The company’s shares were down about 1 percent in premarket trading. They fell about 5 percent in 2025, and have lagged rival Coca-Cola over the last five years.

Demand for more localized flavors of both snacks and sodas in countries such as India and Brazil boosted sales, even as it overhauls its portfolio in the United States to meet the shifting tastes of consumers.

The company announced a review of its North America supply chain in December, weeks after activist investor Elliott Management built a stake and pushed for big changes at its struggling food business.

PepsiCo is planning to cut prices by up to 15 percent on products such as Lay’s and Cheetos due to consumer complaints about high costs, the Wall Street Journal reported on Tuesday, citing company executives.

The company did not immediately respond to a Reuters request for comment.
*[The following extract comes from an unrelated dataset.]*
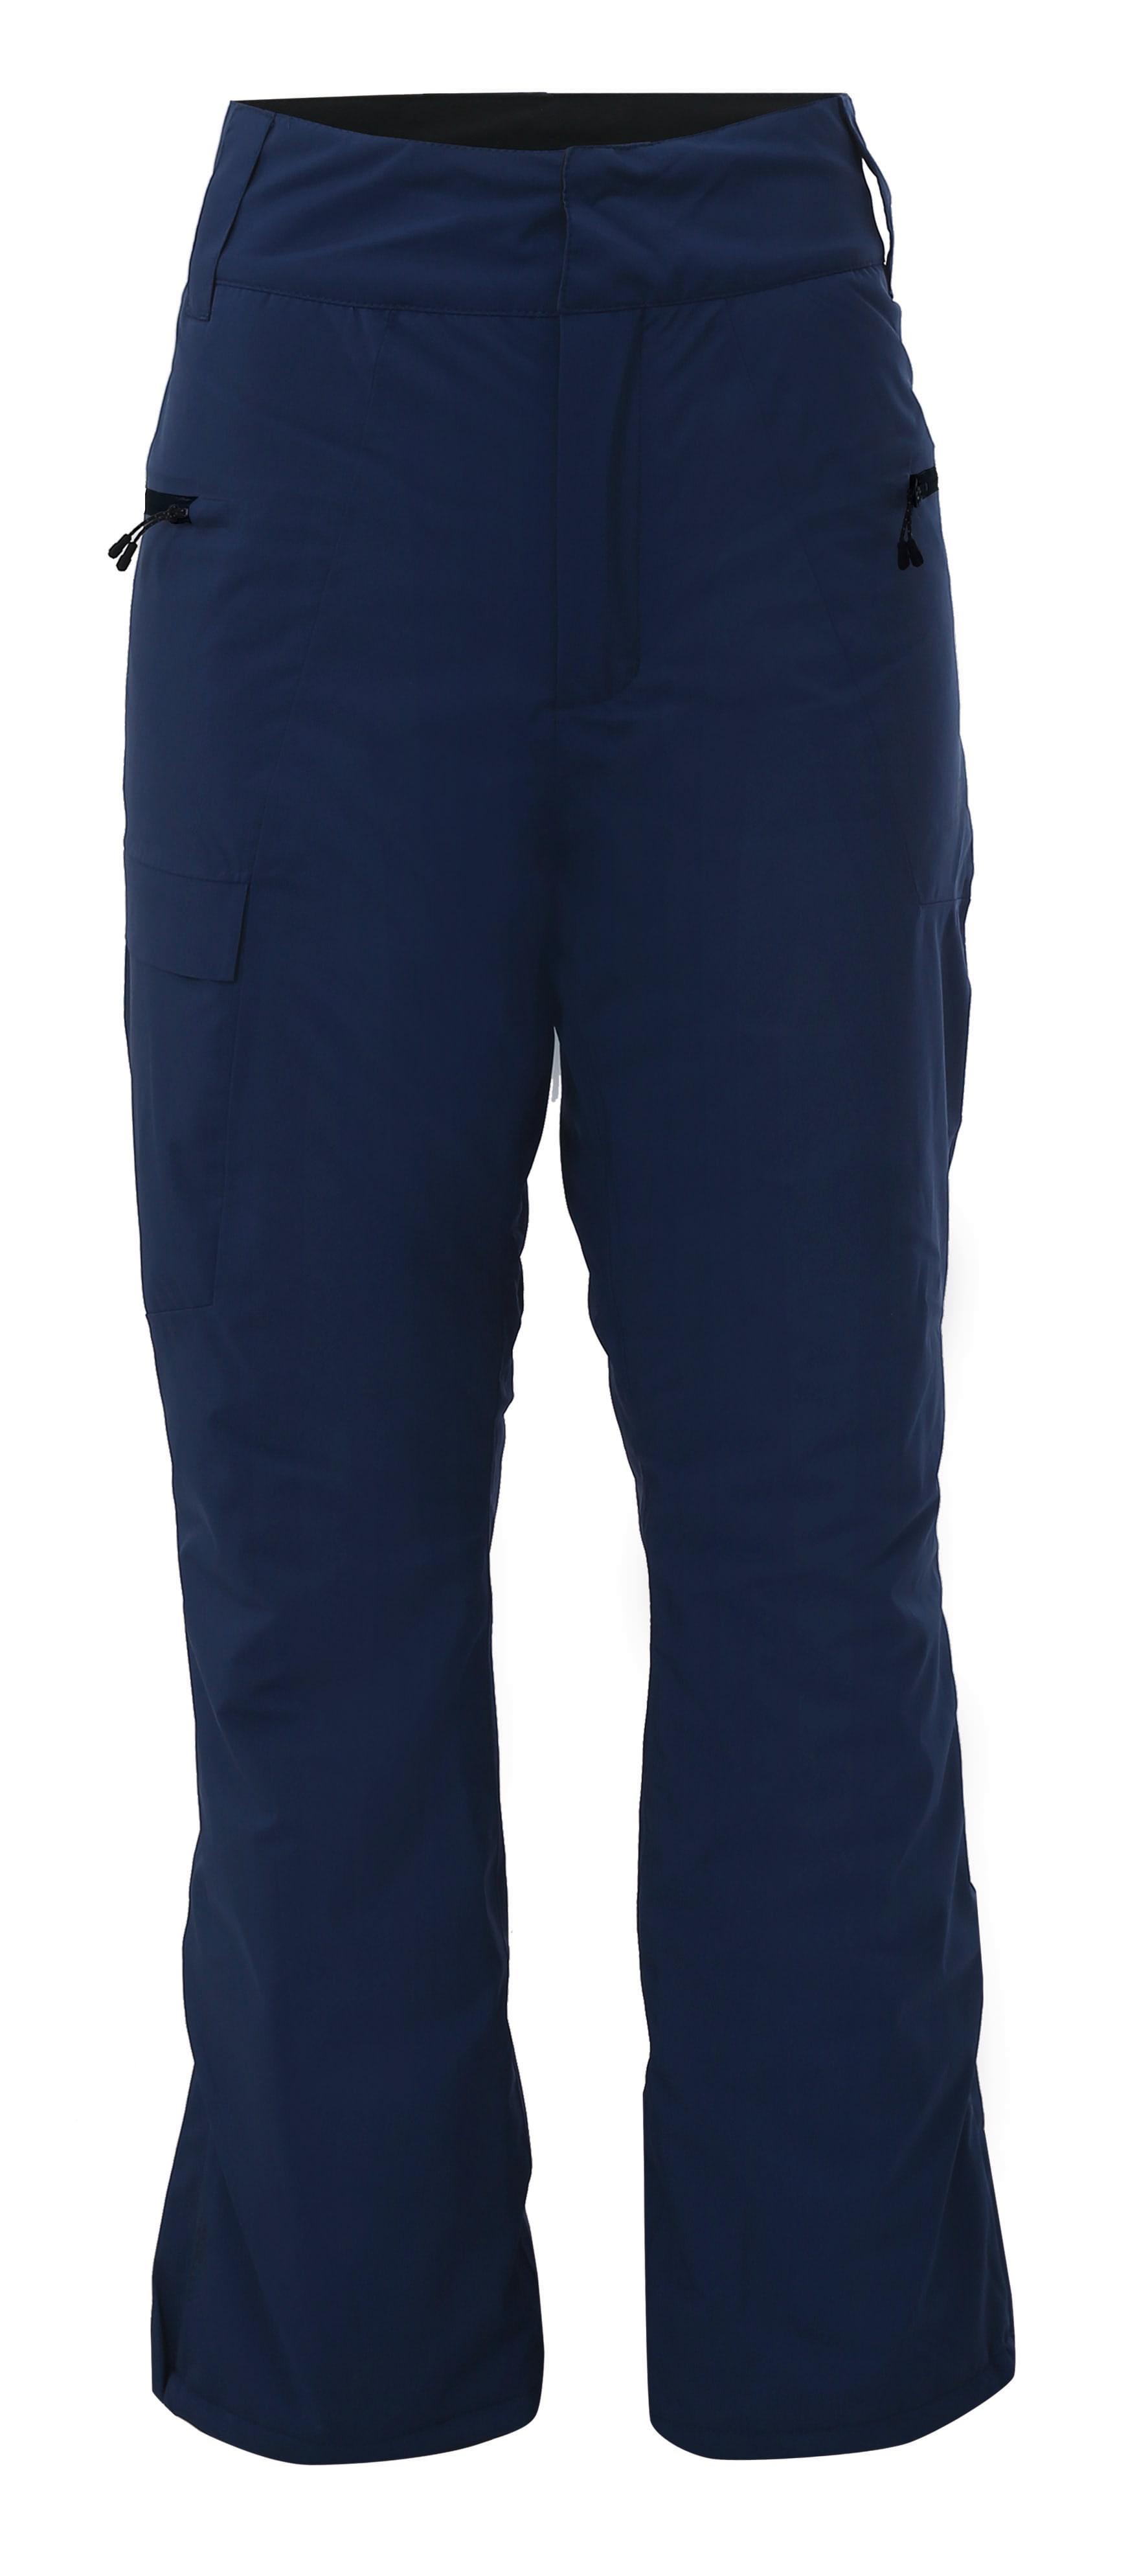 Image of 2117 of Sweden Gardet Snowboard Pants

PepsiCo, like other consumer-facing companies such as P&G and Coca-Cola, have turned focus to lower entry price points and smaller pack sizes as US consumers looked to make their budgets last in the face of inflation and challenges such as the government shutdown last year that delayed access to food stamp benefits.

As part of its review, the company is also planning to reduce the number of products it offers by roughly 20 percent in the US this year. It has also shut some manufacturing plants for the snacks division and cut jobs to trim costs.

The company has invested in rebranding key products such as Lay’s and Tostitos chips to suit consumers’ hunt for cleaner ingredients amid increased use of weight-loss drugs and the Trump administration-backed Make America Healthy Again movement.

Its beverages business in North America is undergoing a facelift with its prebiotic soda offering, as well as low- and zero-sugar beverages.

Volumes in the key North America food business fell 1 percent in the fourth quarter, following a 4-percent drop in the prior three months.

PepsiCo stuck to its annual core earnings per share target of 5- percent to 7-percent growth that it had issued in December.

The Gatorade maker reported revenue of $29.34 billion for the three months ended Dec. 27, compared with estimates of $28.97 billion, according to data compiled by LSEG.

International beverages volume grew 3 percent, while overall volumes in the beverages segment were up 1 percent.

The company reported quarterly core earnings per share of $2.26, compared with estimates of $2.24.